The parties agree that the Horton household had five different automobile
insurance policies issued by State Farm covering five different vehicles. These policies were
purchased at various times between 1986 and 1996. The policies also had different named
insureds: three of the policies listed Albert Horton as the named insured; one policy was
issued to Mary Horton and her son, John C. Wilkinson; and the last policy was issued solely
to Mary's son, James Wilkinson, Jr. The parties agree that John and Mary Horton are
insureds under these policies.
(See footnote 1)
Each of the five policies contained underinsured motorist coverage, with limits
of $100,000.00 coverage for each person who was injured or died, up to $300,000.00 per
accident. The appellees demanded that State Farm stack the policies, and thereby provide
the per person limits of coverage for all five policies; in other words, the appellees asserted
that they were entitled to $200,000.00 from each policy, for a total of $1 million in coverage.
Furthermore, the appellees contended that the per accident limitation in the policy was
ambiguous, and that they were therefore entitled to $300,000.00 from each policy, for a total
of $1.5 million in available coverage.
State Farm, however, refused the appellees' demands. First, State Farm
pointed to anti-stacking language in each policy.

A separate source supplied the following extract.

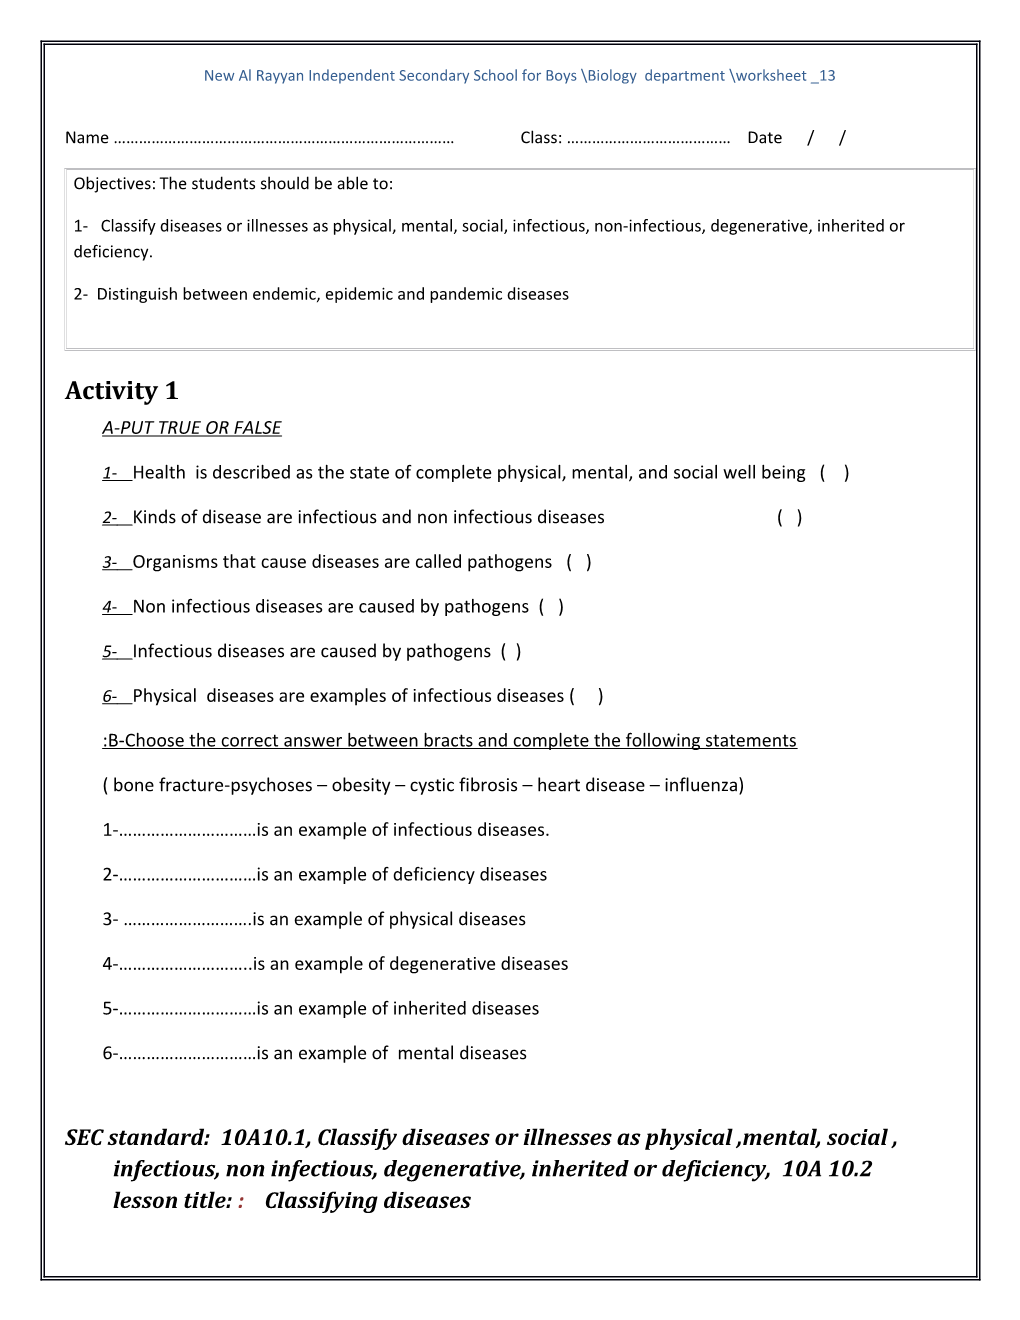 New Al Rayyan Independent Secondary School for Boys Biology Department Worksheet 1

That language stated:
If any other underinsured motor vehicle coverage issued by us
to you, your spouse, or any relative applies, the total limits of
liability under all such policies shall not exceed that of the
policy with the highest limit of liability.
Furthermore, State Farm stated, and the parties have stipulated for purposes of this appeal,
that it gave a multi-car discount for underinsured motorist coverage on each of the five
policies, a discount which State Farm argues that it gives whenever two or more private
passenger vehicles used by persons residing in the same household are insured by State Farm.
In Russell v. State Auto Mut. Ins. Co., 188 W.Va. 81, 422 S.E.2d 803 (1992),
this Court concluded that anti-stacking language in an insurance policy is enforceable where
the insurance company gives the policyholder a multi-car discount. We stated that when a
multi-car discount [is] given, it is obvious that the insured appellee bargained for only one
policy and only one underinsurance motorist coverage endorsement. 188 W.Va. at 85, 422
S.E.2d at 807. On the basis of Russell and its progeny, State Farm asserted that the five
policies could not be stacked.
Furthermore, State Farm argued that the language regarding the policy limits
was not ambiguous. Accordingly, in 1997 State Farm paid the appellees $100,000.00 for the
claims of Mr. Horton, and $100,000.00 for the claims of Mrs. Horton.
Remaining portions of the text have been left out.